Finally, the above analysis also heuristically guarantees that our algorithm, with overwhelming probability, will not veer off significantly from the actual gap. The reason for this is the following. Assume that our algorithm has to make a choice at some stage in step 2 on which column to pick among many of equal minimum non-zero weight. In the case that it makes a "wrong" choice that results in a large gap, this would mean that the sub-matrix $H^{\prime}$ (where remaining rows follow the same distribution as only the column weight has been affected by removing rows in step 2) would have to contain a sufficient number of large-enough independent structures, which, again, as argued above, is unlikely. This provides theoretical evidence for our empirical finding that our algorithm indeed performs near-optimally.

Optimality for small g

We finally discuss the optimal triangulation described in Figure 5.

LEMMA 3.8. The procedure in Figure 5 optimally triangulates H.

PROOF. Optimally peeling $G_H$ amounts to identifying a minimum subset of hyperedges of the 2-core of $G_H$ which when removed make $G_H$ completely peelable. Indeed, if we had an upper bound $\hat{g}$ on the size of that subset of the 2-core, an exhaustive search among the edges of the 2-core would reveal the optimum (minimum) subset of hyperedges (which directly maps to the gap of $H$). Given the hardness results presented in Section 3.2, an exhaustive search is probably the best one could hope for, and this is exactly what is done in Figure 5. The first steps end with $H^{\prime}$ containing those rows corresponding to the 2-core of $G_H$. Subsequently we perform an exhaustive search to determine the optimum subset of rows. Let $h_2$ denote the size of the 2-core of $G_H$. Then, the complexity of Figure 5 would be $O(m + h_2^{\hat{g}})$. From all of the analysis above, indeed in the parameter regime we consider, $\hat{g}=O(1)$ and $h_2 \le c \cdot g$ with overwhelming probability for $c=O(1)$.
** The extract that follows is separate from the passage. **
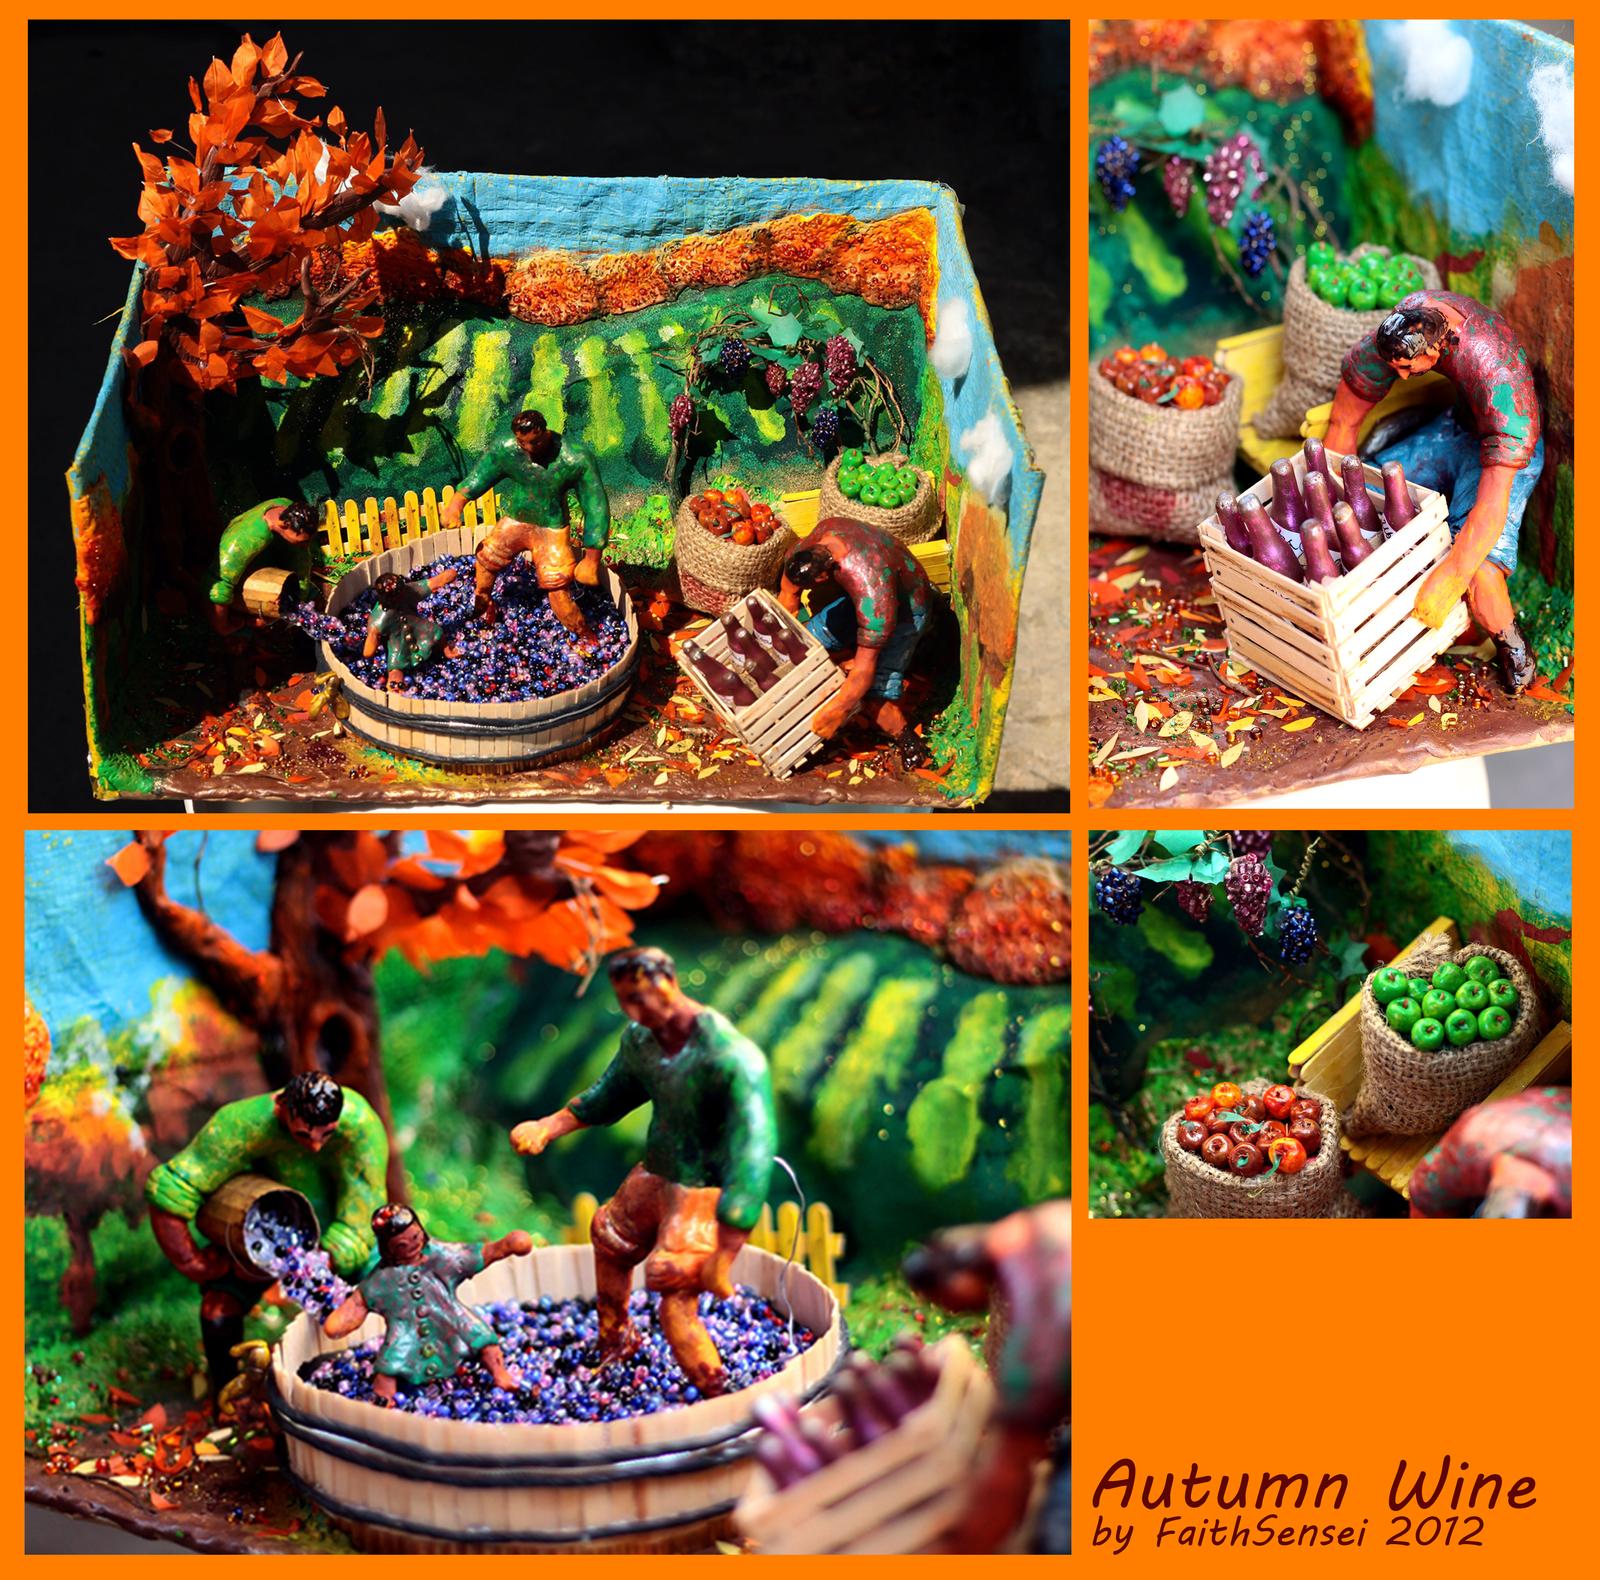 Autumn Wine by FaithSensei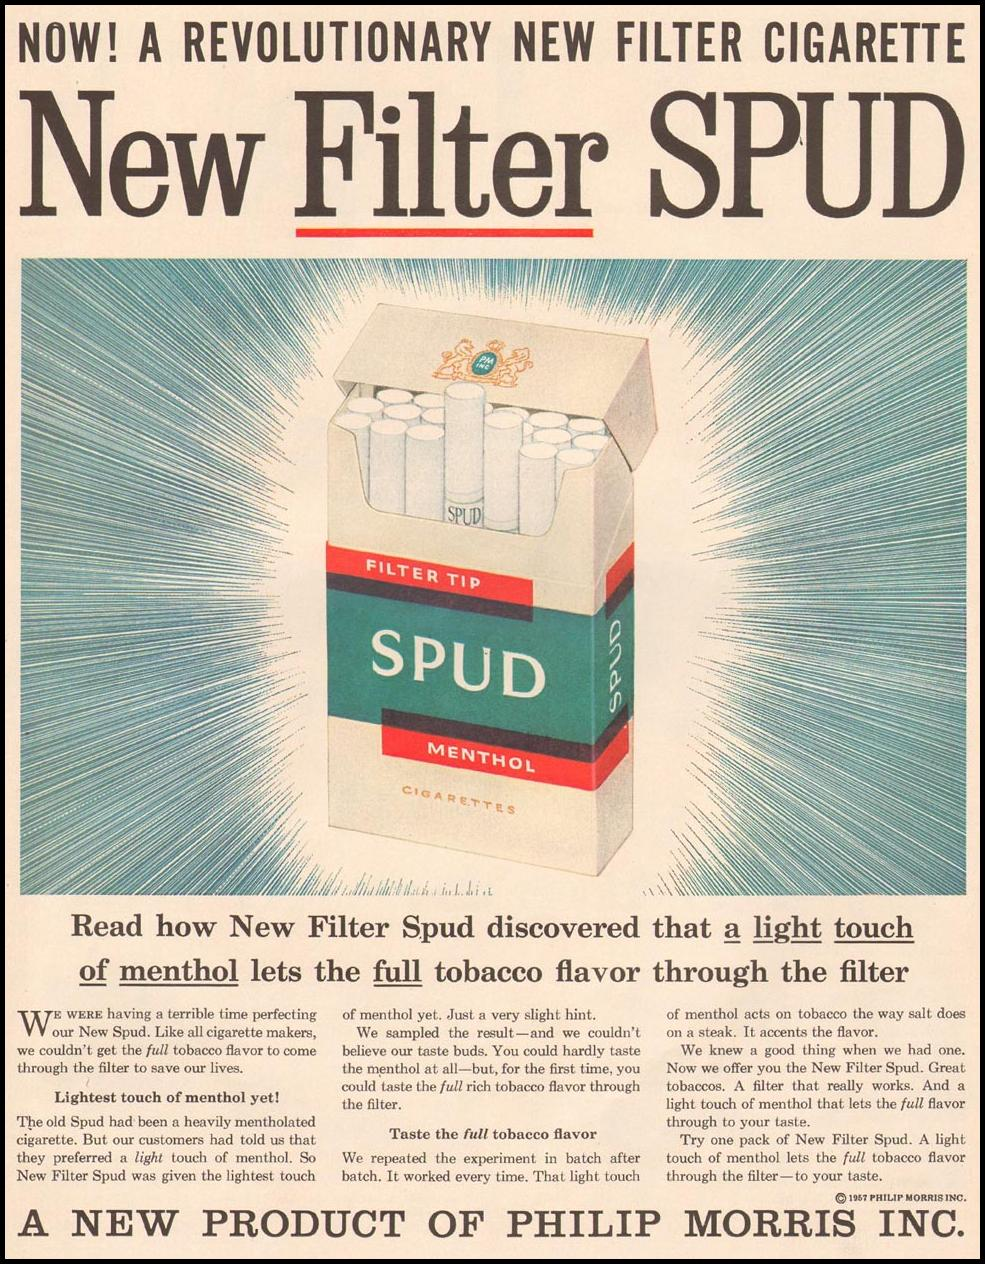 SPUD CIGARETTES LIFE 04/01/1957 p. 99

4 PRIVATE SET INTERSECTION

Next we turn to the main application for our construction, efficient Private Set Intersection. PSI allows two parties to compute the intersection of their respective sets $X, Y$ without revealing anything but the final intersection. The full functionality is detailed in Figure 6. To realize this functionality we make use of the recent PSI construction of [28] and modify it in two ways.

  1. Replace the OKVS of [24] with our new construction.
  2. Extend the PSI protocol of [28] to use subfield-VOLE [5].

As detailed below, the former alteration improves both the computational overhead and communication overhead. In particular, when we instantiate the [28] PSI protocol with our new OKVS, the PSI protocol is able to be executed on a consumer laptop in 0.4 seconds on a single thread, or 0.16 seconds with 4 threads. Additionally, when the subfield-VOLE optimization is applied we are able to further reduce the communication overhead.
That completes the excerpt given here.